Figure 1 shows a distillation column K in which a liquid C ₄ fraction is supplied to the upper third of the feed stream 1 from which the top stream 2 containing C ₃ hydrocarbons is withdrawn, and the 1,3-butadiene is contained. The bottom stream 3 of the high boiling component and the vapor side of the stripping section of the distillation column K draw the stream 4 and supply the latter to the extractive distillation.

1‧‧‧feed stream

2‧‧‧ top flow

3‧‧‧ Underflow

4‧‧‧ side draw

K‧‧·Distillation Tower

Claims (9)

A method for providing a vaporized purified C ₄ fraction by extractive distillation using a selective solvent as a use stream, starting from a feed stream of a liquid C ₄ fraction, the feed stream comprising not only butane, butene and 1,3-butadiene and hydrocarbons comprising C _3, C ₄ oligomers and polymers, and C ₅₊ hydrocarbons, purification of the vaporous fraction comprising C _4: purification of less than C ₄ fraction of the vaporous 50 ppm by weight of C ₃ hydrocarbons, less than 2/3 of the C ₅₊ hydrocarbons present in the feed stream and less than 5% by weight of the C ₄ oligos present in the feed stream oligomer and a polymer, the method comprising the following process steps: 1) removing the C ₃ hydrocarbons, 2) removal of oligomers and polymers C ₄ and C ₅₊ hydrocarbons, in each case, for which the above reduced vapor Purifying the residual content of the C ₄ fraction, and 3) vaporizing the liquid C ₄ fraction, wherein: all process steps 1), 2) and 3) are carried out in a single distillation column, and the liquid C _{4 is} distilled. Supplying to the upper third of the portion to form a rectifying section and a stripping section, and extracting a top stream containing C ₃ hydrocarbons, a C ₄ -containing oligomer and polymer, and an underflow of C ₅₊ hydrocarbons therefrom, and The stripping section extracts the purity of the vapor state C ₄ fraction stream side.
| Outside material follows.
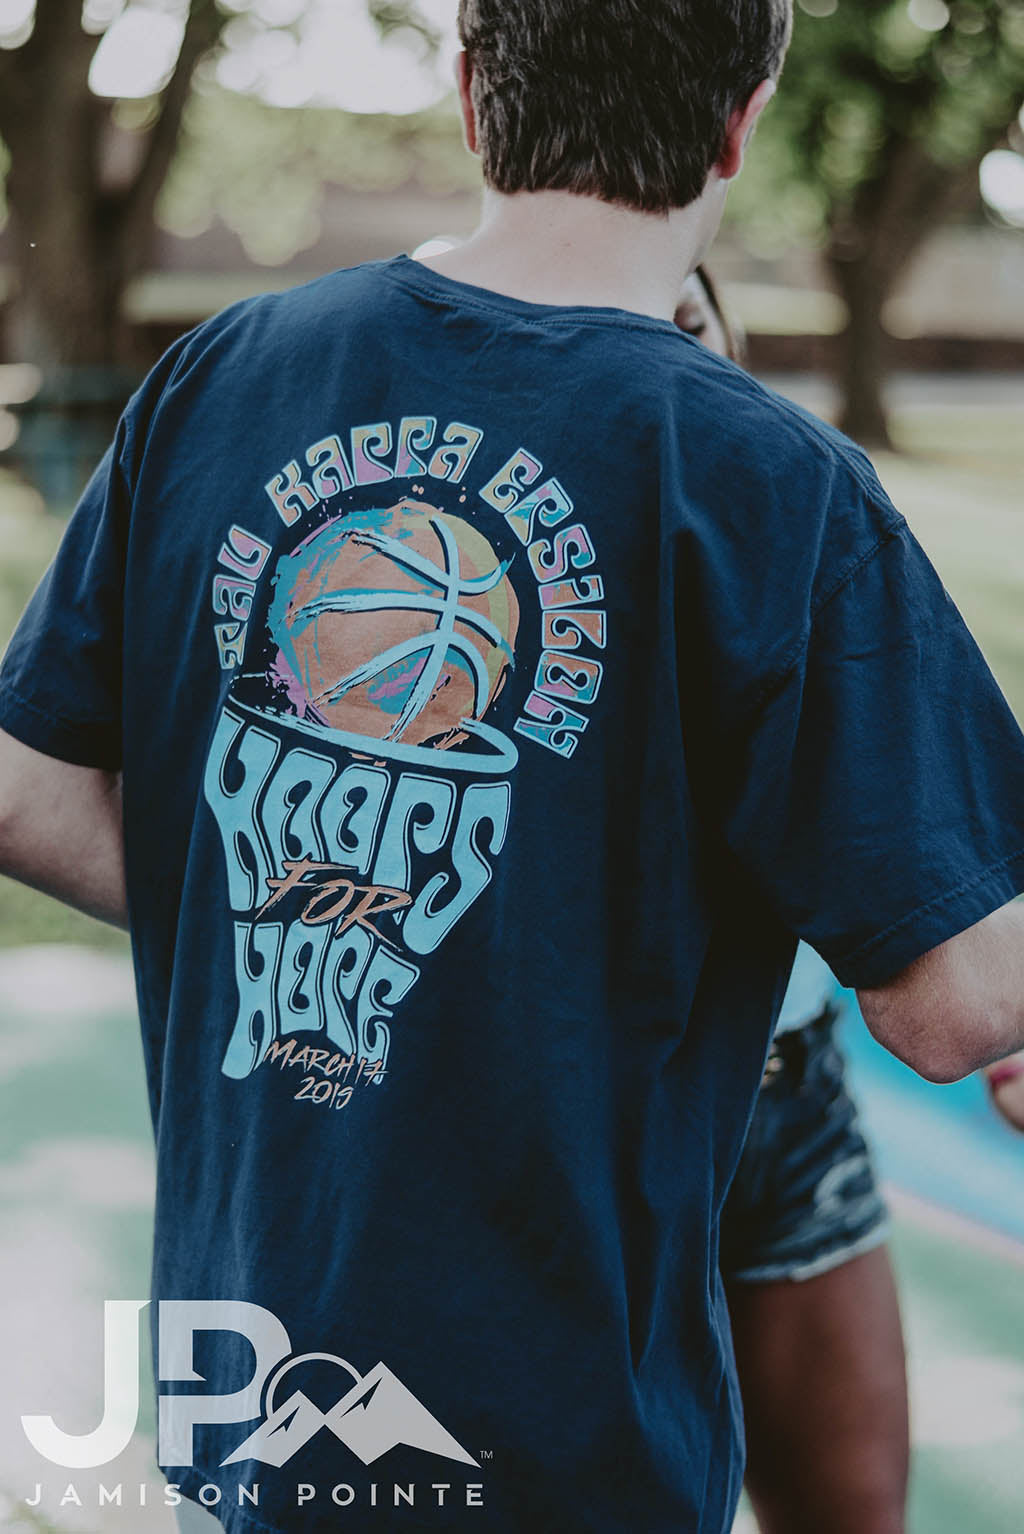 unique basketball shirt designs

The method of claim 1, wherein the C ₃ hydrocarbons in the purified C ₄ fraction of the vapor state are consumed below 10 ppm by weight of the total weight of the purified C ₄ fraction of the vapor state. The method of claim 2, wherein the C ₃ hydrocarbons in the purified C ₄ fraction of the vapor state are consumed below 4 ppm by weight of the total weight of the purified C ₄ fraction of the vapor state. The method of any one of claims 1 to 3, wherein the C ₅₊ hydrocarbons in the purified C ₄ fraction of the vapor state are depleted to less than one-half of the C ₅₊ hydrocarbons present in the feed stream . The method of any one of claims 1 to 3, wherein the distillation column is operated at a top pressure of 4 to 10 bar (absolute). The method of claim 5, wherein the distillation column is operated at a top pressure of 6 to 7 bar (absolute). The method of any one of claims 1 to 3, wherein the distillation column is a tray column. The method of claim 7, wherein the tray has 30 to 100 actual trays. The method of claim 8, wherein the distillation column has from 50 to 70 actual trays.